## Instructions for the task
Transcribe, exactly and without pictures, the lines below from the line with "Baby girl with chocolate ice cream" to the line with "Buy John Lewis", both ends included, and no others.

## Given data
▬▬▬▬▬▬
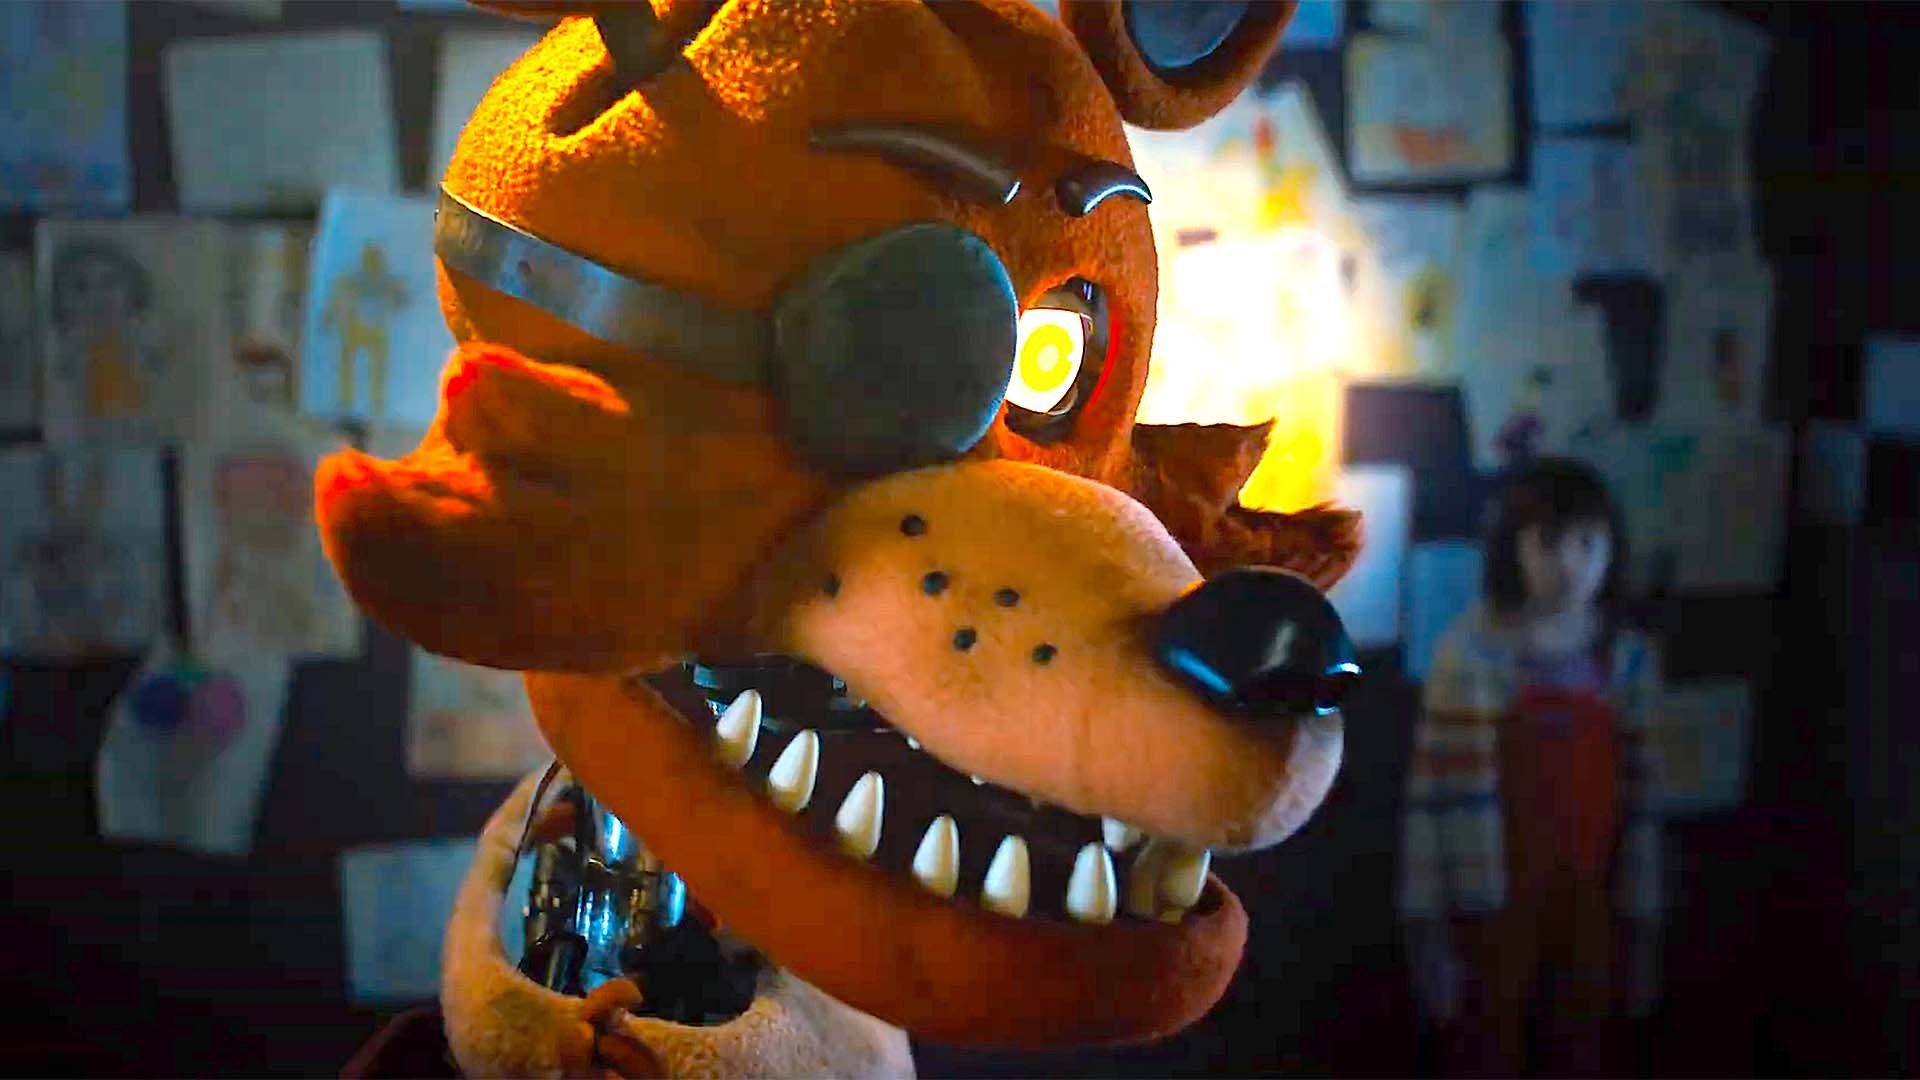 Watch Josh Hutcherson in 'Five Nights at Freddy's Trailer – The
▬▬▬▬▬▬
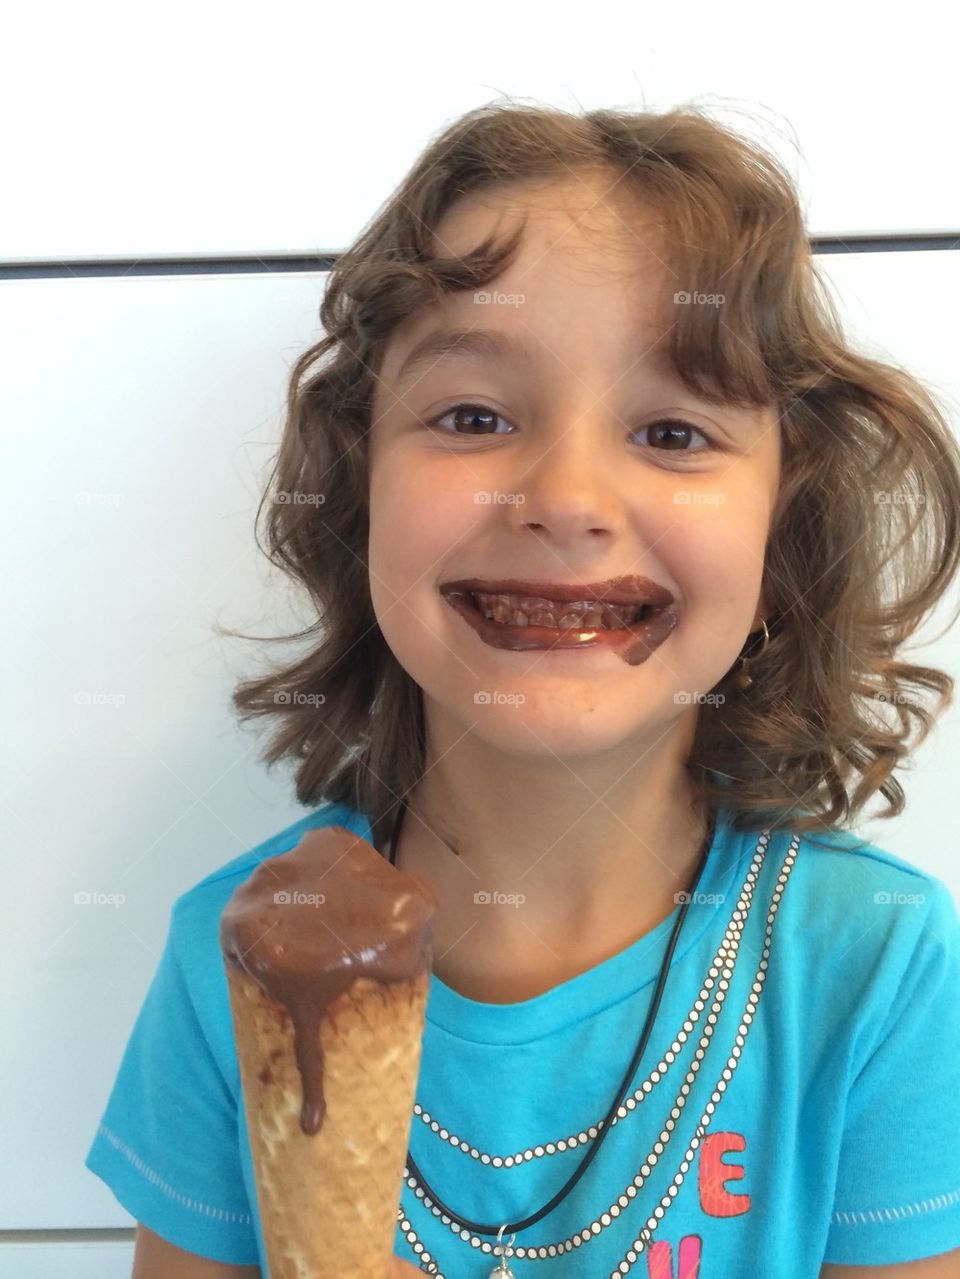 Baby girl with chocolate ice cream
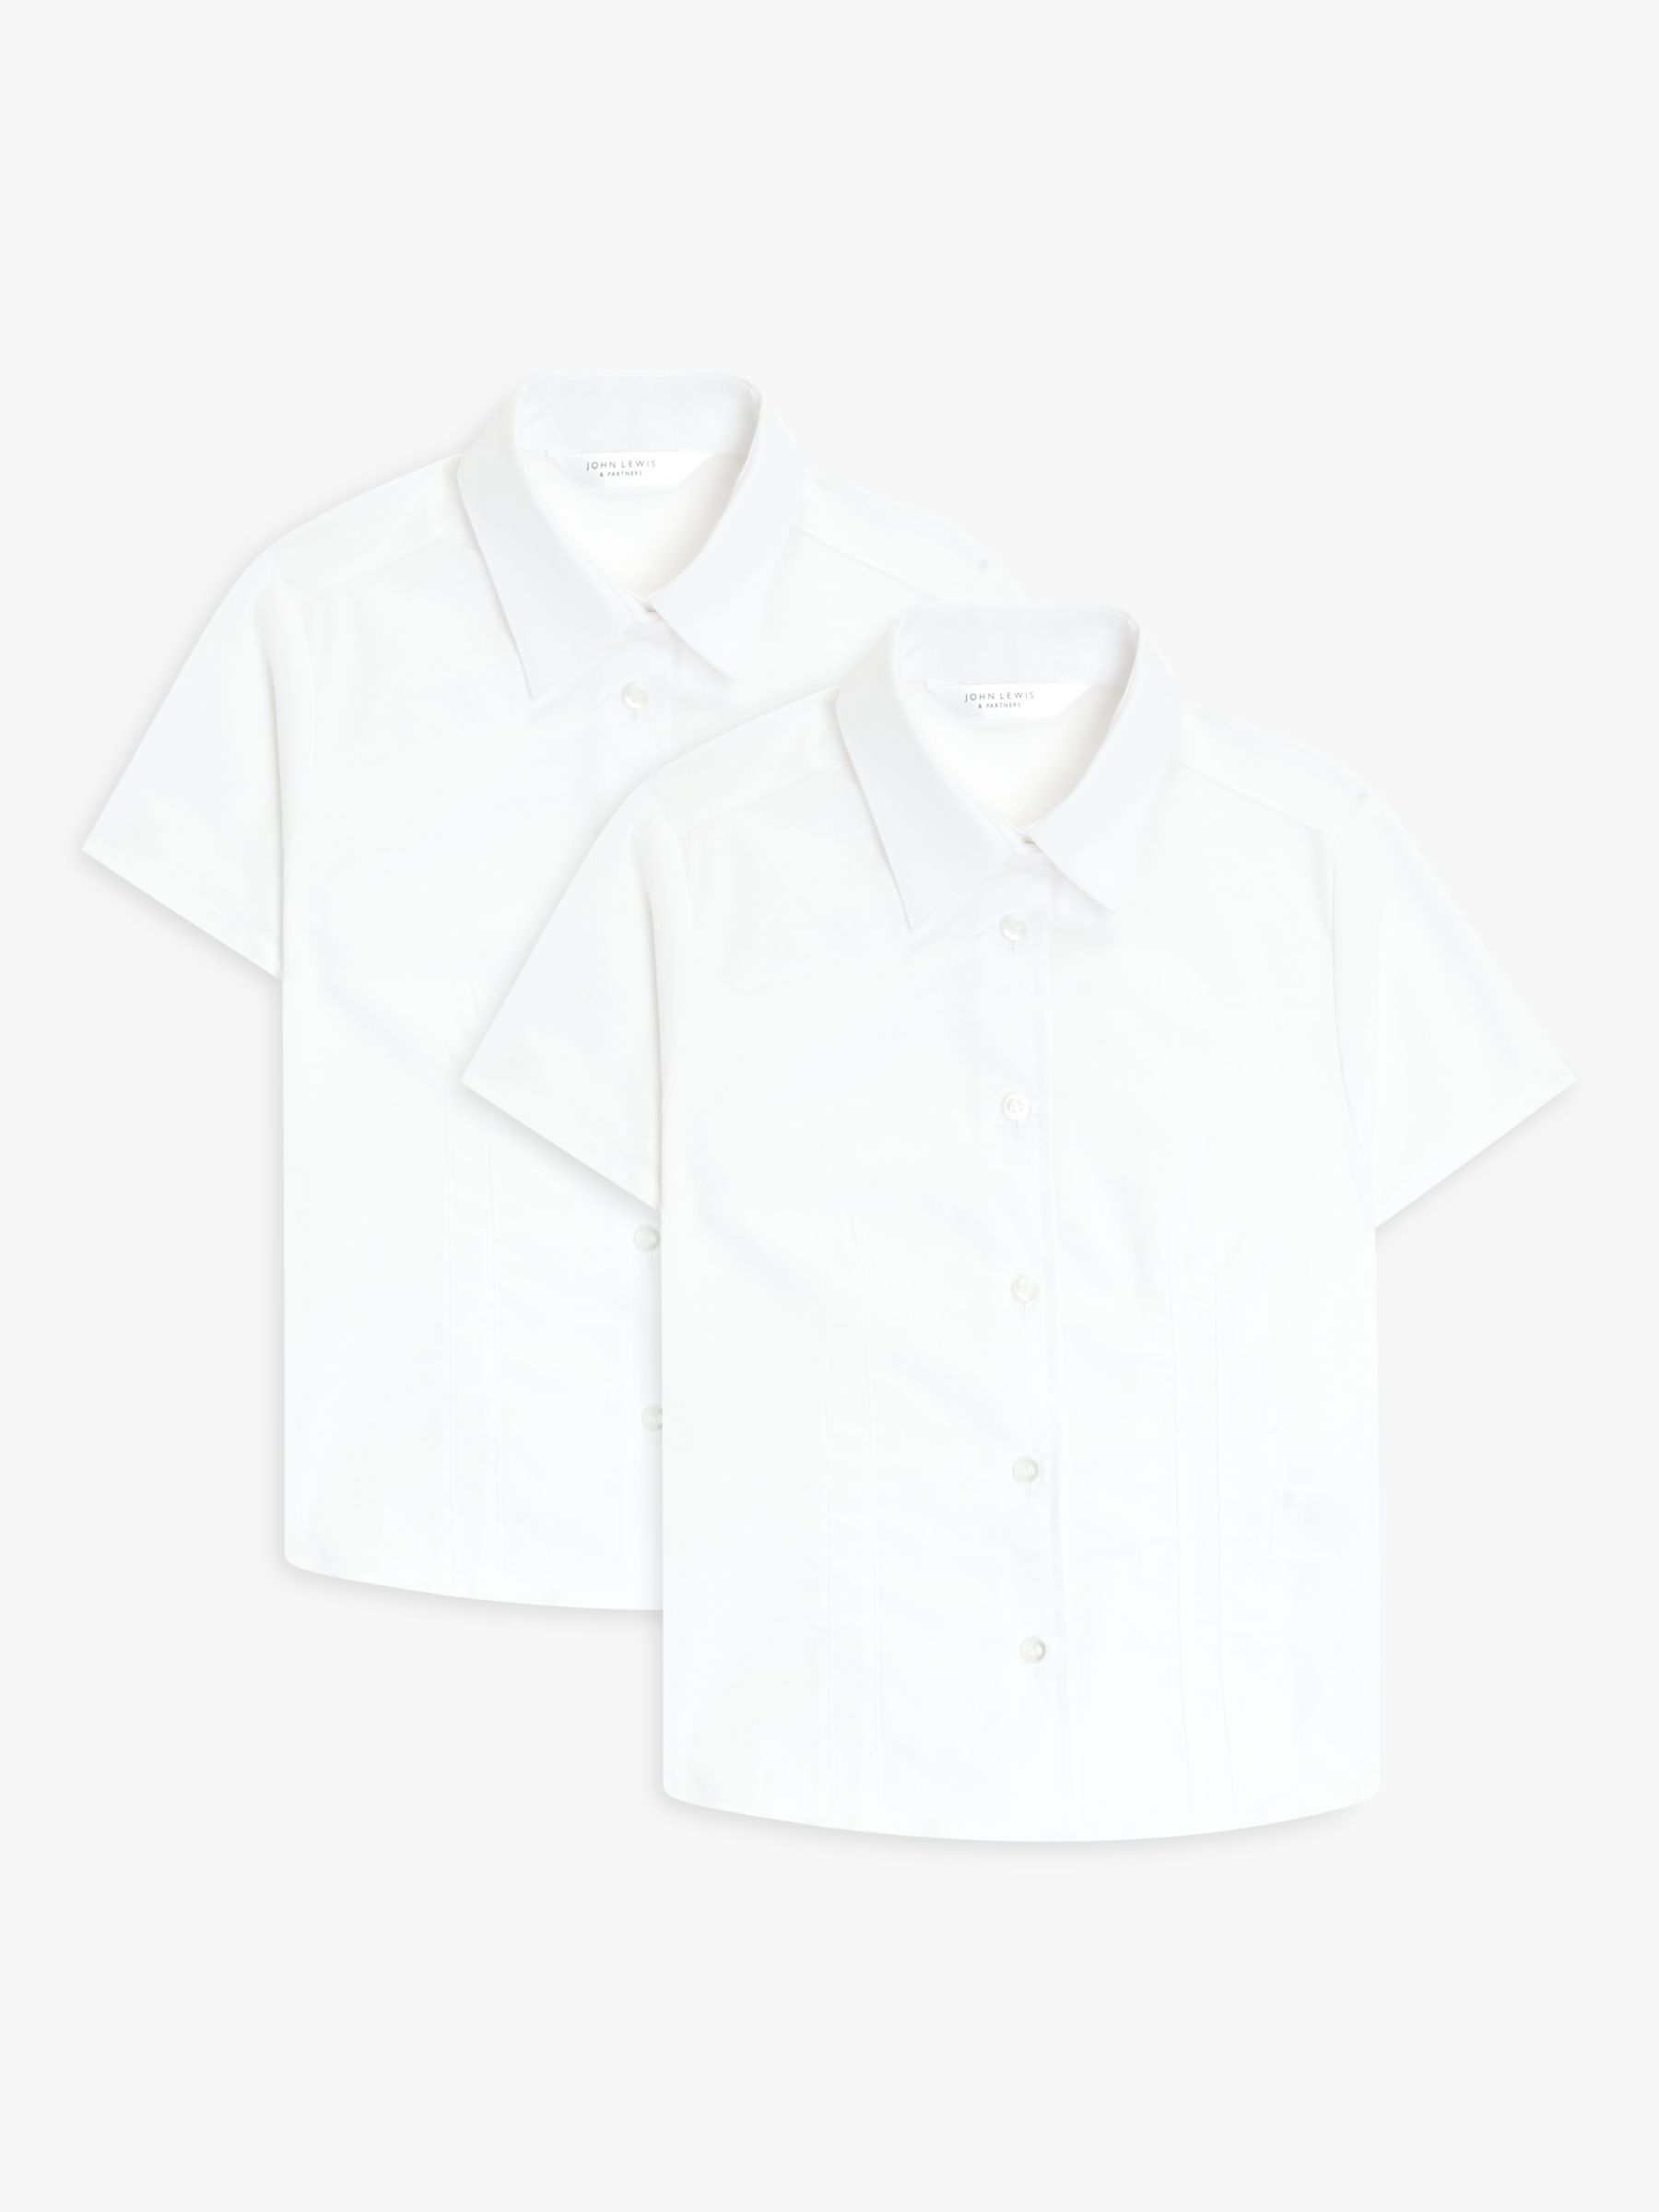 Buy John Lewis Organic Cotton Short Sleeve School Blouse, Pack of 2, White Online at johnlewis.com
▬▬▬▬▬▬
## Solution to this exercise
 Baby girl with chocolate ice cream
 Buy John Lewis Organic Cotton Short Sleeve School Blouse, Pack of 2, White Online at johnlewis.com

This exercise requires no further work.